Train station near Johannesburg, South Africa

Sandton is a metro station on the Gautrain rapid transit system in Sandton, Gauteng. It opened to traffic on 8 June 2010 with service to OR Tambo International Airport.

==Location==
Sandton station is located in the neighbourhood of the same name in northern Johannesburg, specifically near the Sandton City/Nelson Mandela Square developments at the intersection of Rivonia and West Streets.

===Transit-oriented development===
Developers and the Gauteng government aimed to make Sandton station the centre of one of the first transit-oriented development projects in South Africa. Because of the area's financial importance, with the Johannesburg Stock Exchange being a major focal point, and location near a number of important roads, such development also required an upgrade of the arterial road network in the surrounding area.

The area surrounding Sandton station was divided into six management areas, which cover land use, development density, and pedestrian accessibility. Management Area 1, bounded by Sandton Street, Katherine Street, Rivonia Road, and Fredman Drive, encircles Nelson Mandela Square and the immediate vicinity of the station and is planned to contain buildings of up to 40 storeys with a development density of 110 units per hectare, thus categorising it as high-density and mixed-use. In addition, a series of pedestrian corridors traverse the district, creating a grid to enable more pedestrian-friendly development and to encourage walking and sustainability. Subsequent and more distant management areas have lower height restrictions of ten to fifteen storeys while maintaining the 110 units per hectare density requirement, which centralises development towards a defined central business district.

==Station layout==
Architecturally, Sandton is unique amongst Gautrain stations. Although it is not the only underground station, it is the only one with a two-level platform arrangement.

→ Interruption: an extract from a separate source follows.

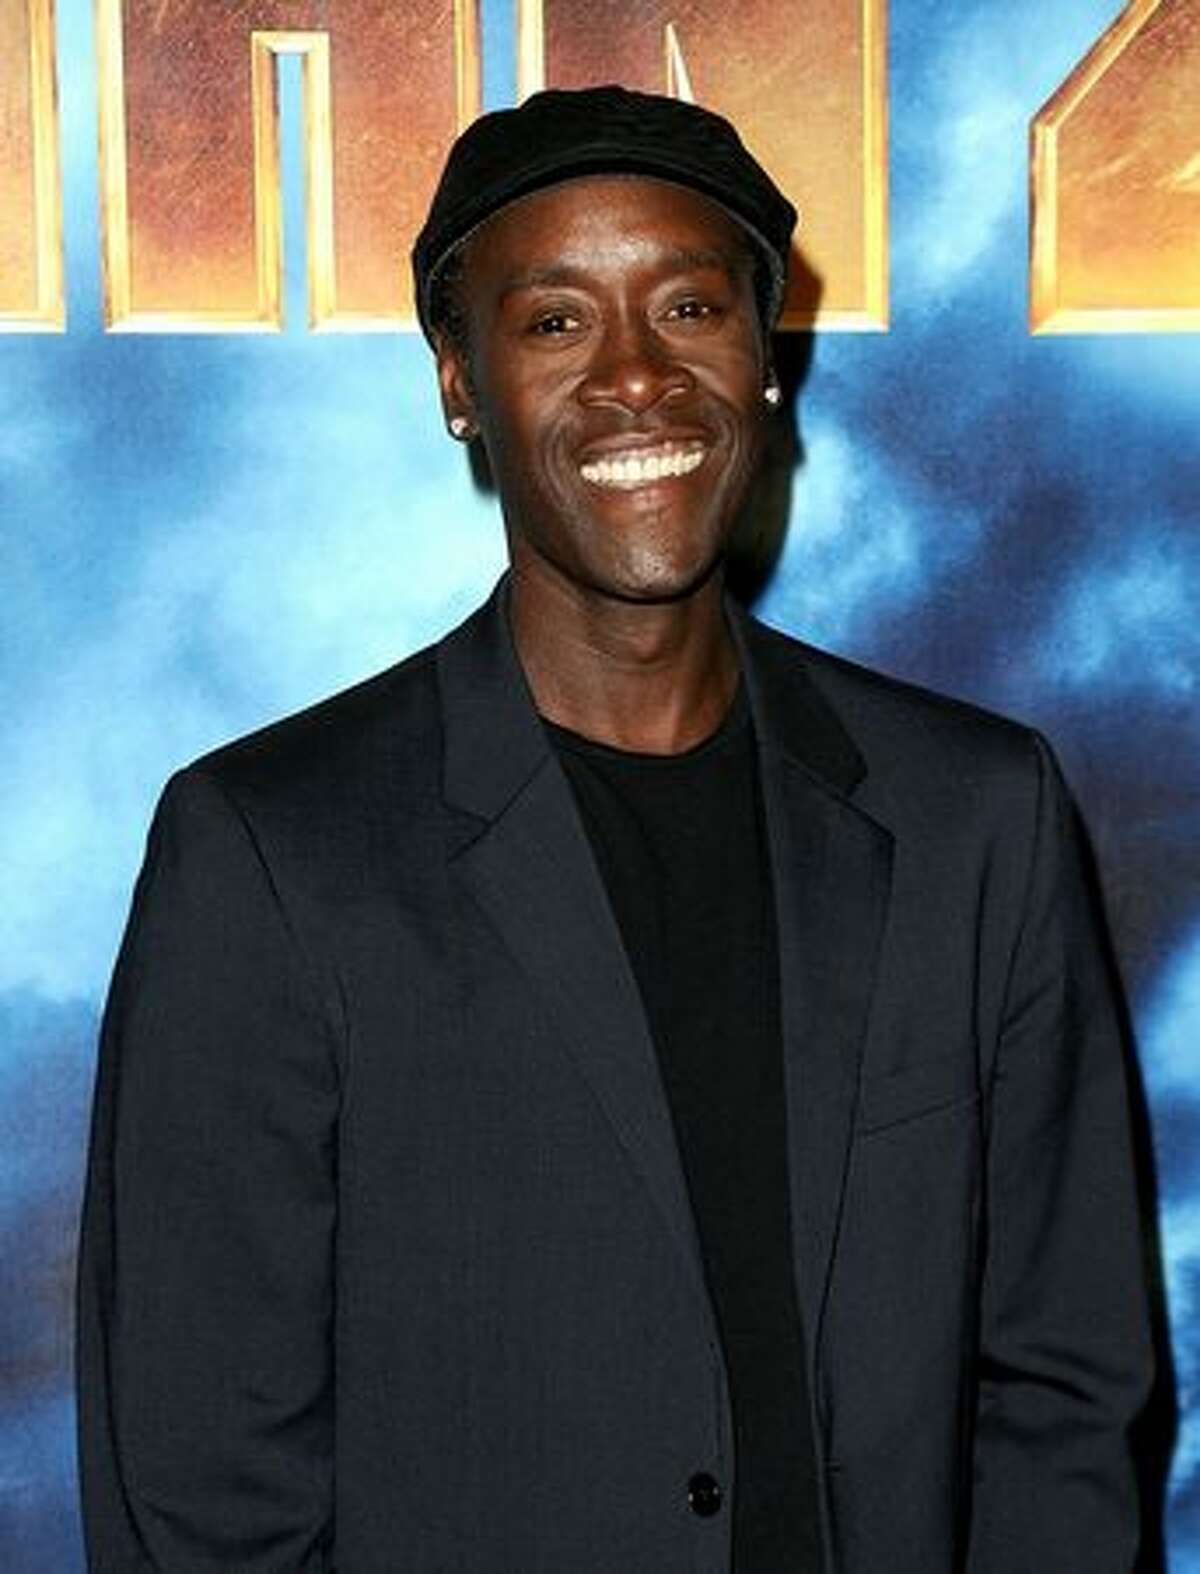 Actor Don Cheadle poses during Paramount Pictures & Marvel Entertainment's "Iron Man 2" photo call held at the Four Seasons Hotel on April 23, 2010 in Los Angeles, California.
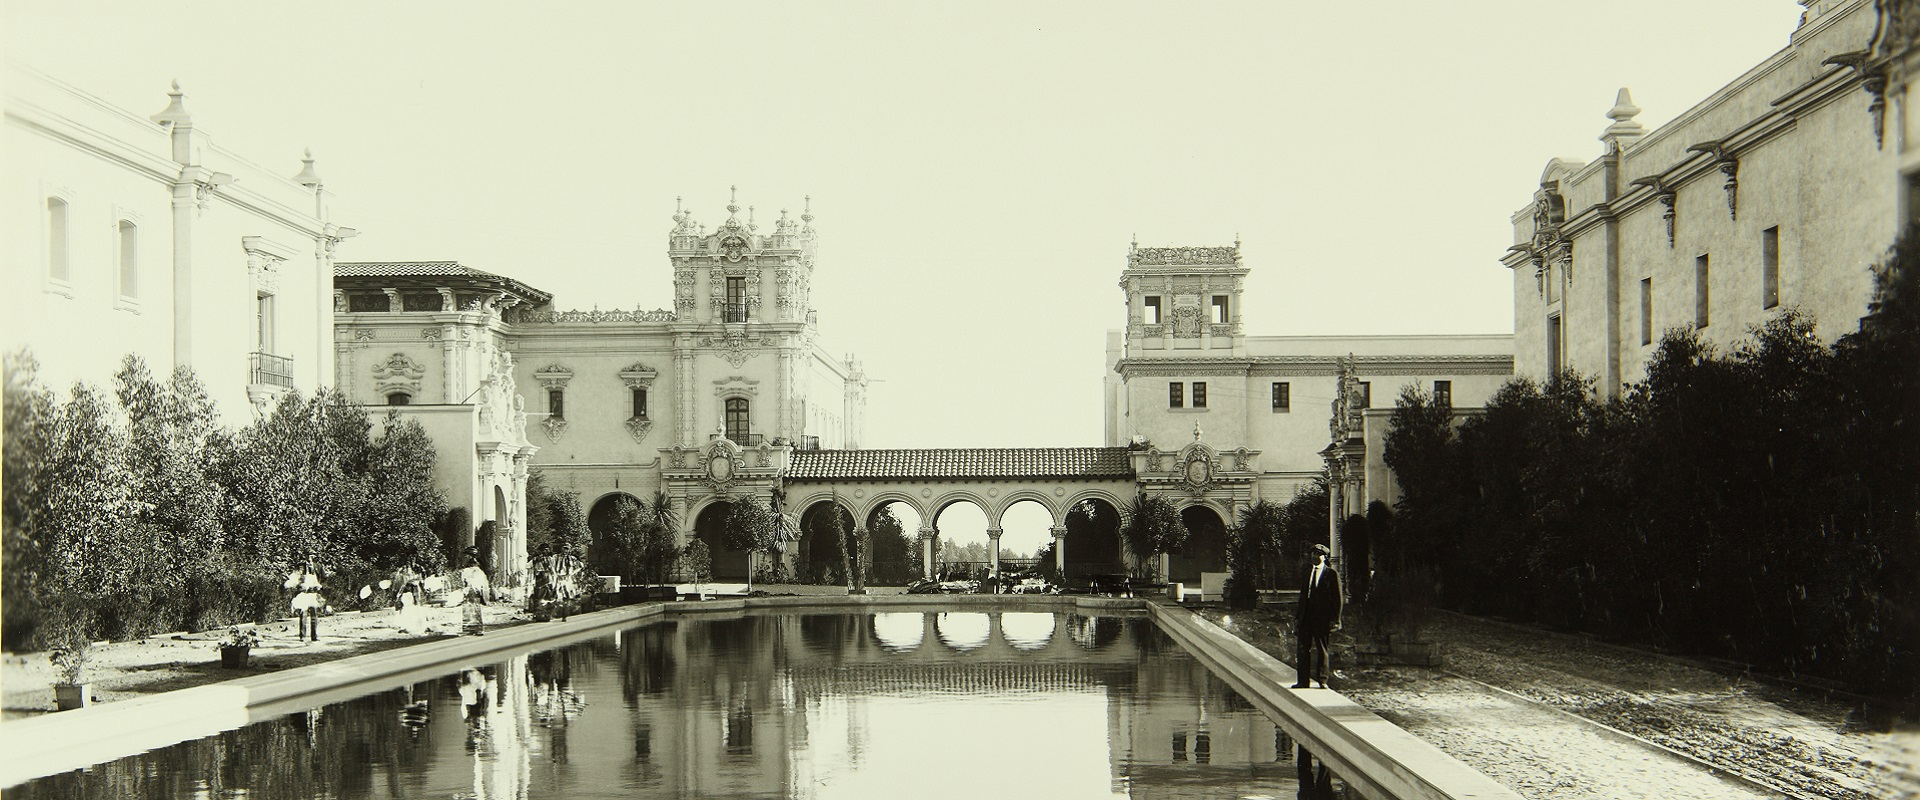 An old black and white photo with the view looking out over the lily pond away from the botanical building. An arched walkway with the house of hospitality and casa del balboa in the background.

The upper level serves trains on the north–south axis of the system, with trains heading southbound to Park Station in central Johannesburg and northbound to Pretoria, while the lower level has only one platform and acts as the terminus for OR Tambo International Airport-bound trains.

==Services==
Sandton station is the operational hub of the Gautrain system. Along with Marlboro, it is one of only two stations in the entire network to be served by all trains on the Airport and north–south lines. In addition, Sandton also has six additional feeder bus routes bringing passengers from more distant areas to the station. Numbered S1 to S6, the buses travel to/from Wendywood (S2), Rivonia (S3), Randburg (S4), Fourways (S5), and Rosebank (S6), as well as a Sandton CBD loop (S1).